Developing wisdom

Paññā pāramī : transcendental wisdom, insight

This will necessarily be an incomplete discussion of panna or wisdom. The subject is too vast and varied for the blog format. Within the context of the perfections, which we hope to develop in our daily living, here are some ways of looking at wisdom that might be helpful.

Three types of discernment
understanding that comes from listening (sutamaya-pañña)
understanding that comes from thinking (cintamaya-pañña)
understanding that comes from developing/meditation (bhavanamaya-pañña)

— from DN 33, translated by Thanissaro Bhikkhu

According to canonical Theravada Buddhism, these are the three main ways in which wisdom can be developed. The first is hearing wise teachings (referring here to the Buddha’s words).
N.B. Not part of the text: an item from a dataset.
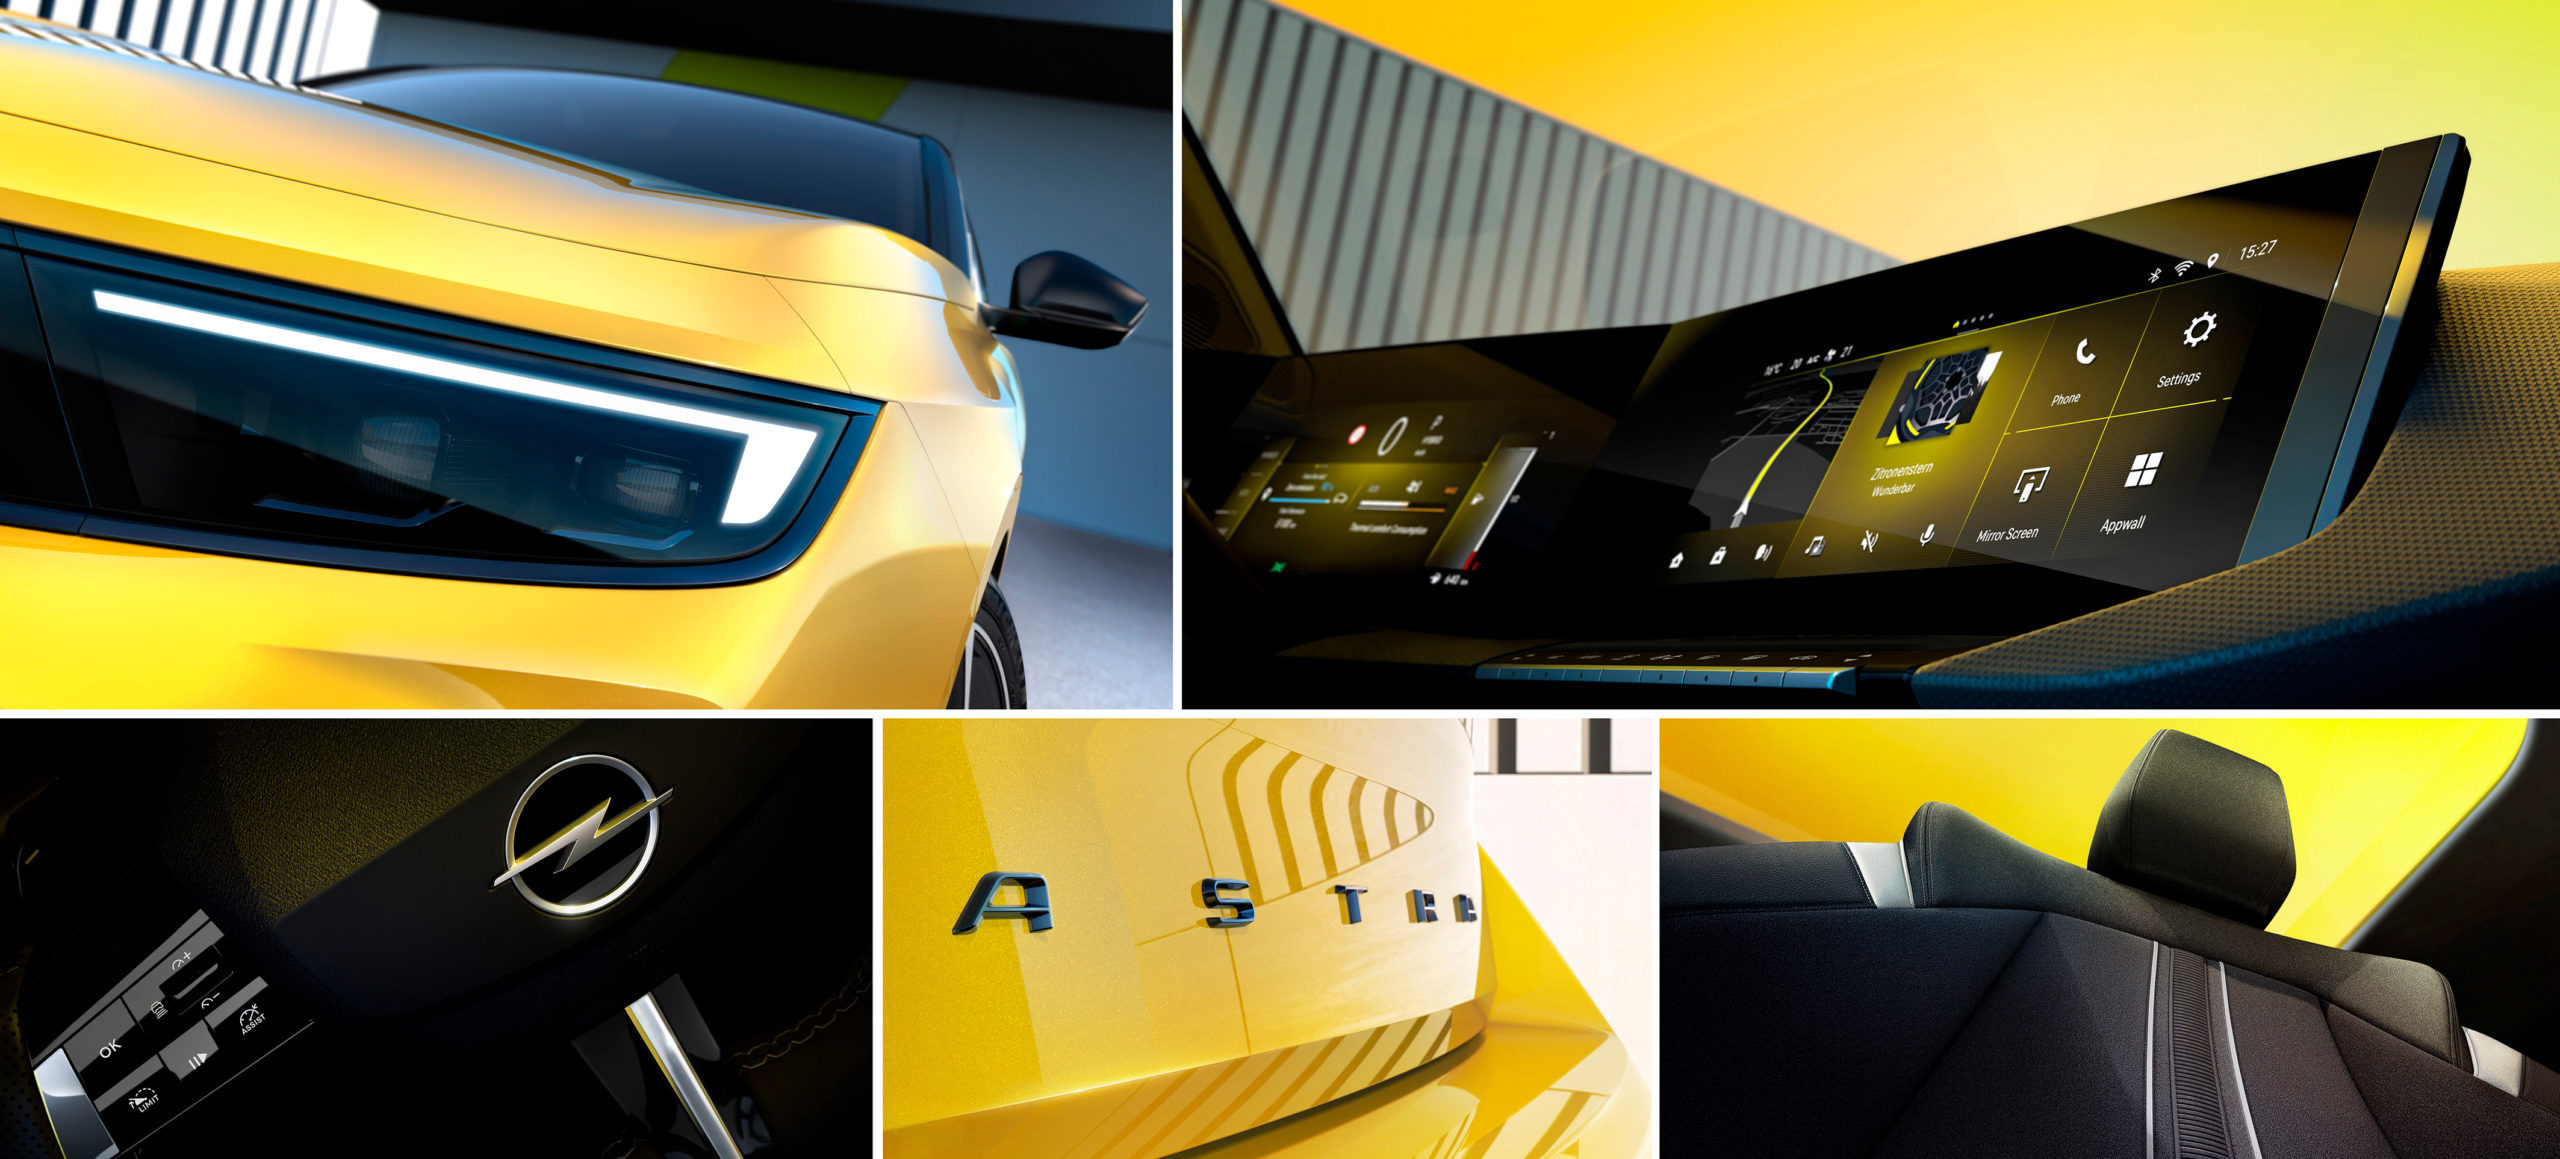 Nuevo Opel Astra, estos son los primeros detalles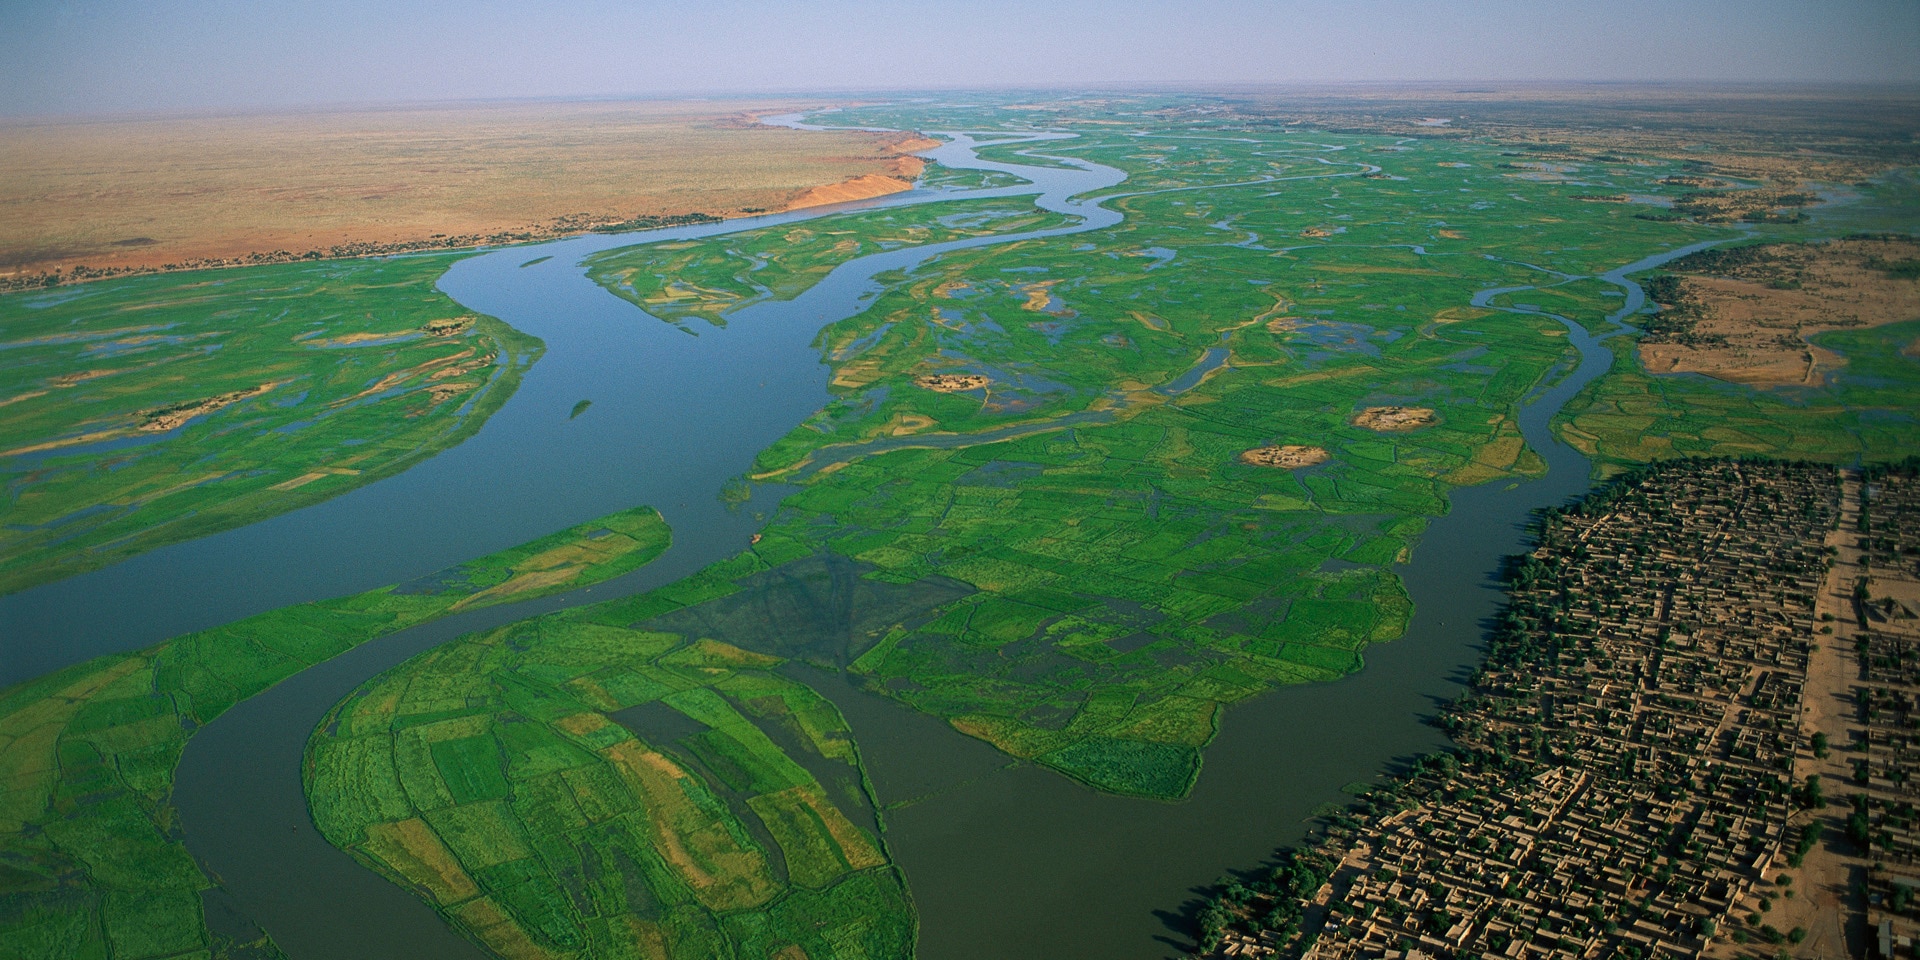  Rizières irriguées par le fleuve Niger au Mali.

Since there were virtually no books at the time of the Buddha, this would have been the only way to come into contact with what he taught. Today, we are more likely to read the Buddha’s teachings and their many (and variously reliable) interpretations in our own language, at our leisure. In any case, to have the opportunity to hear/read these teachings is a great blessing and should not be taken for granted. For those who are ready to hear, the teachings are powerful.

The second method of developing wisdom is by reflecting on the teachings we’ve heard or read. We think about how we might implement them in our own lives, or how we might adjust our attitude to take into account the things that the Buddha recommends considering. Breaking mental habits is hard, but we can change the lens through which we view our experience by thinking deeply about what the Buddha advises.

The third method is development or cultivation. This refers to actually putting the Buddha’s advice into practice in our own lives and seeing how things change as a result. It also refers to meditation as a training to make the mind more sensitive to our direct experience, setting aside (temporarily) the stories we tell ourselves. There are many meditation methods, and different ones will work best for different people at different times in their development. A foundational practice, though, is mindfulness of the body:
“…Mindfulness directed to the body. This is the one thing that, when developed and cultivated, leads to penetrativeness of wisdom.”
– from AN 1.615, translated by Bhikkhu Bodhi

Mindfulness of the body can be cultivated both in sitting meditation and throughout our waking experience. It comes highly recommended as a way to bring our experience into focus and develop wisdom.